* **Recorded data**
=== Section Start ===

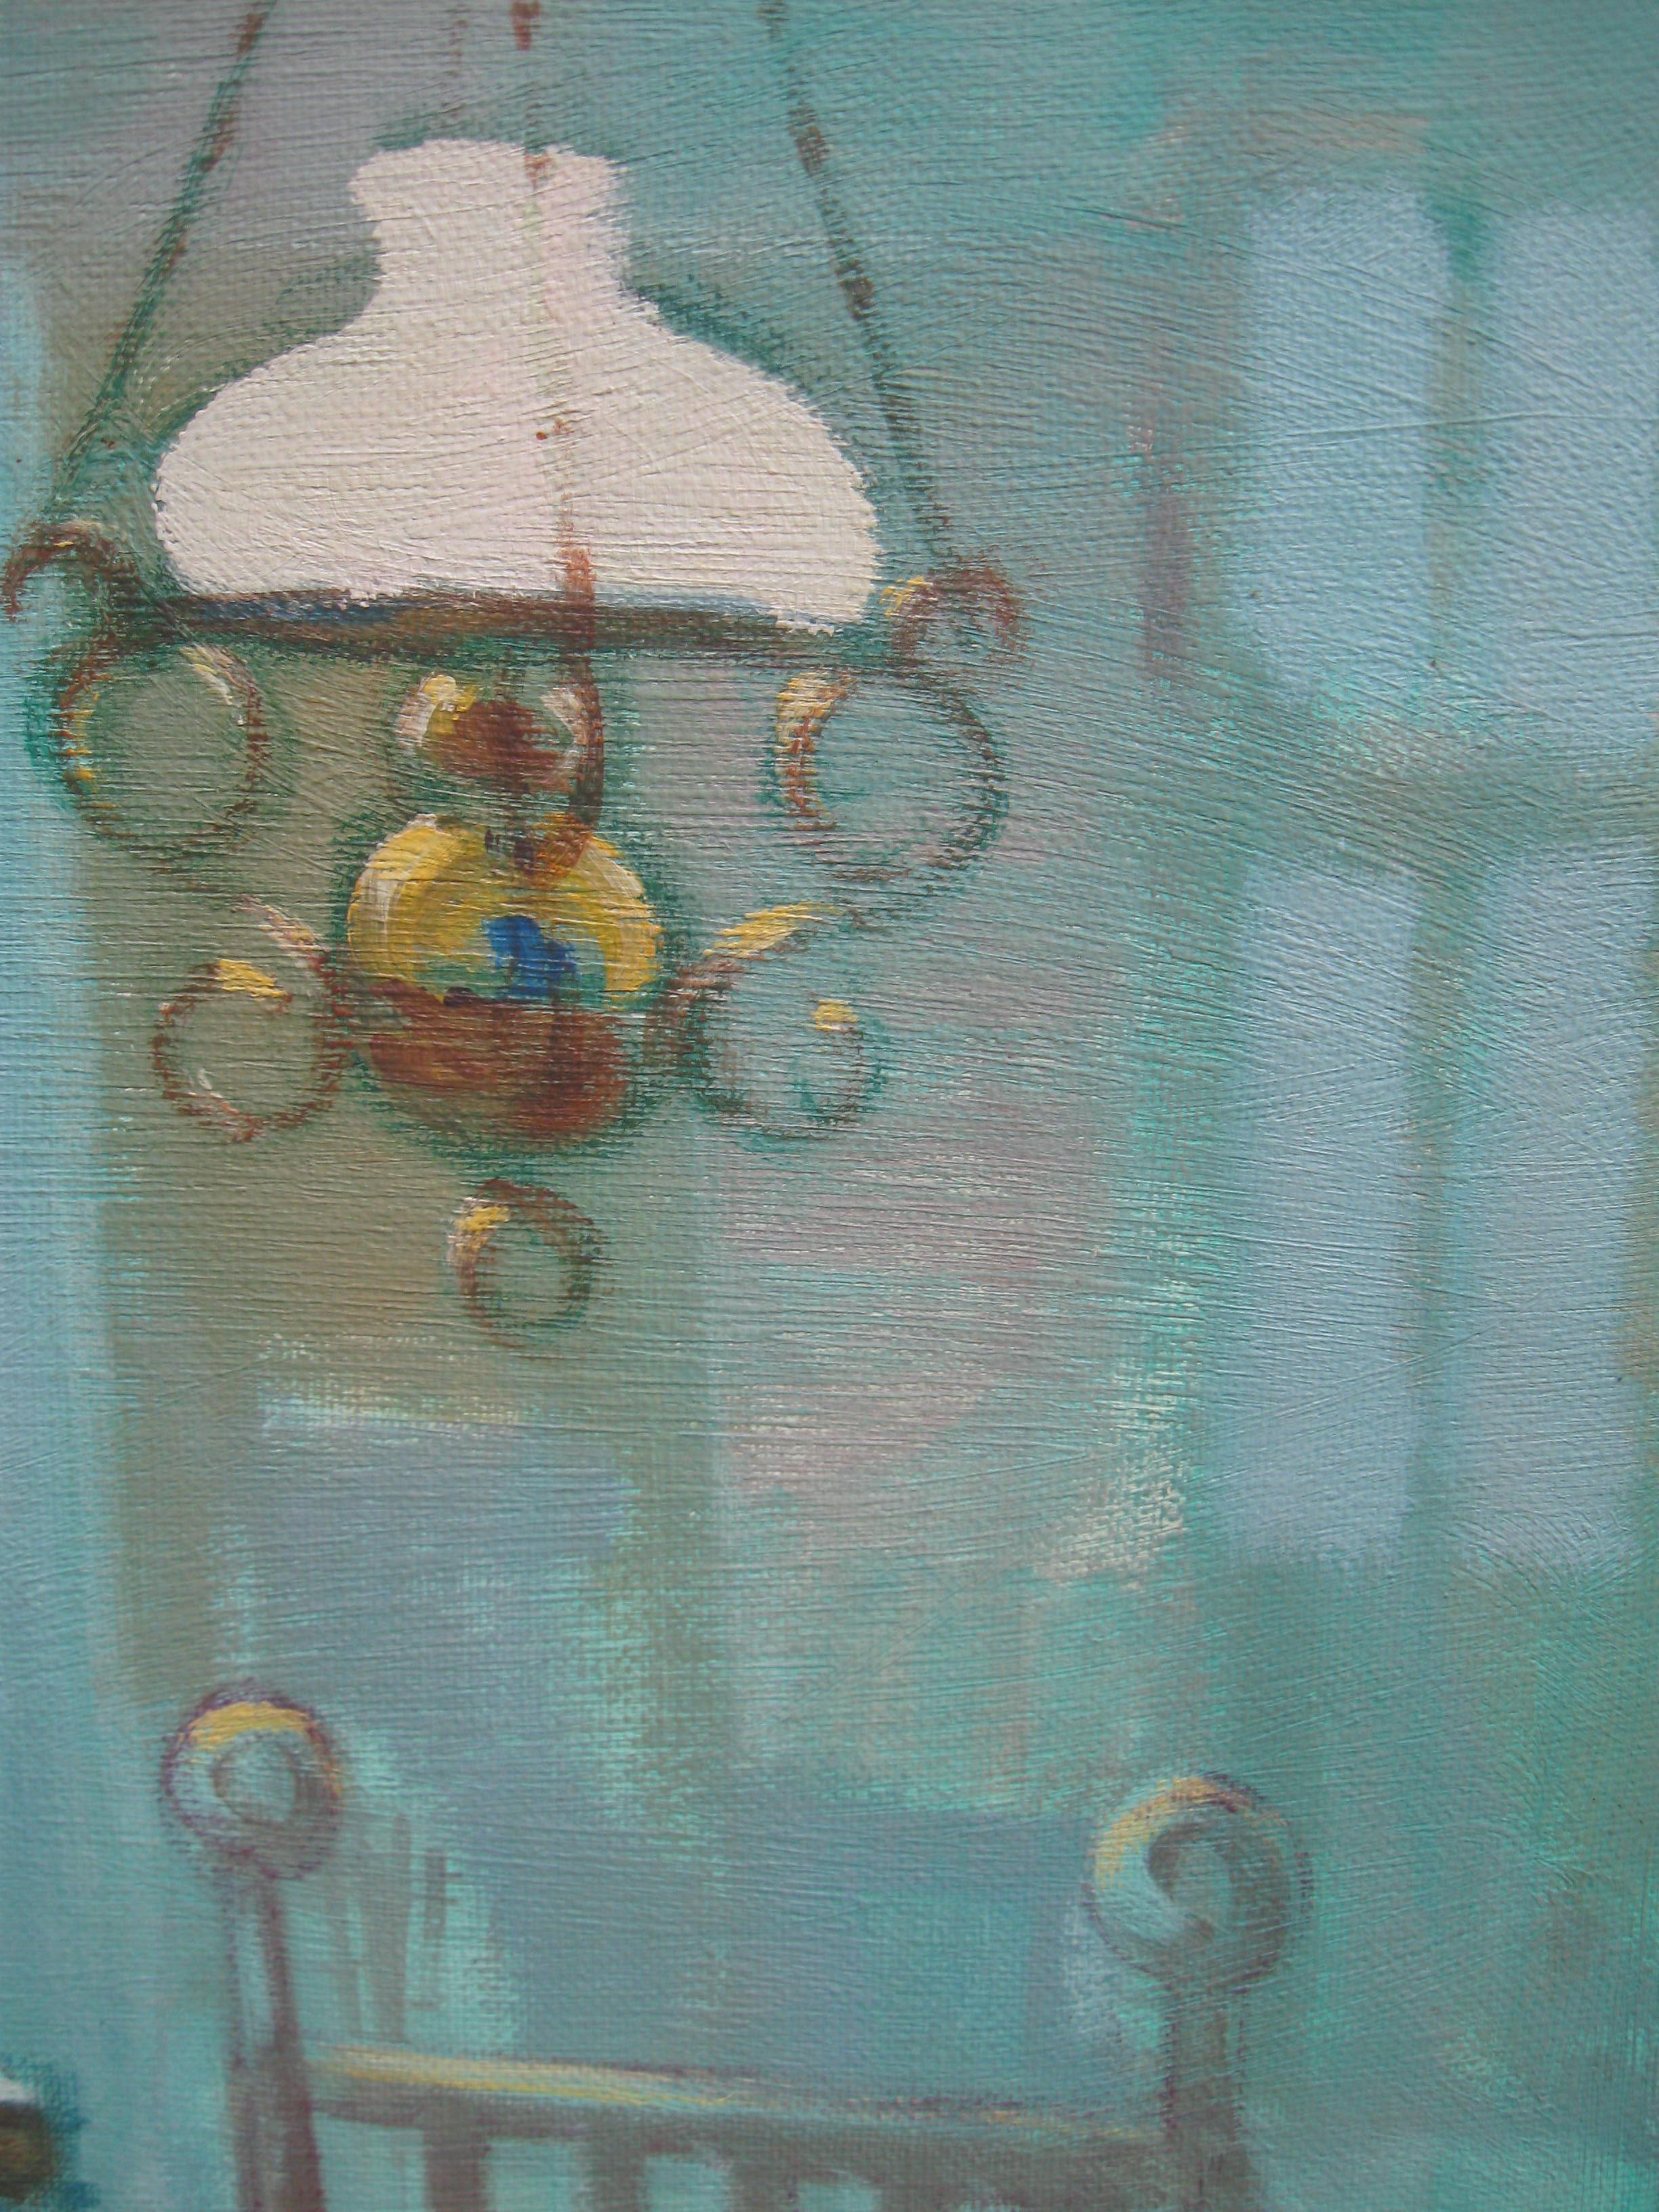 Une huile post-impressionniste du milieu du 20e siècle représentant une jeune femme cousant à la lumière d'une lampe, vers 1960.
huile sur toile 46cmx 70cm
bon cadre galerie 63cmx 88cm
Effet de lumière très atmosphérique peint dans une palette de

=== Section End ===

* **Exercise goal**
Taking the line that contains "bon cadre galerie 63cmx 88cm" as the starting point, copy every line through the end of the listing exactly, and write nothing further.

* **Response to the task**
bon cadre galerie 63cmx 88cm
Effet de lumière très atmosphérique peint dans une palette de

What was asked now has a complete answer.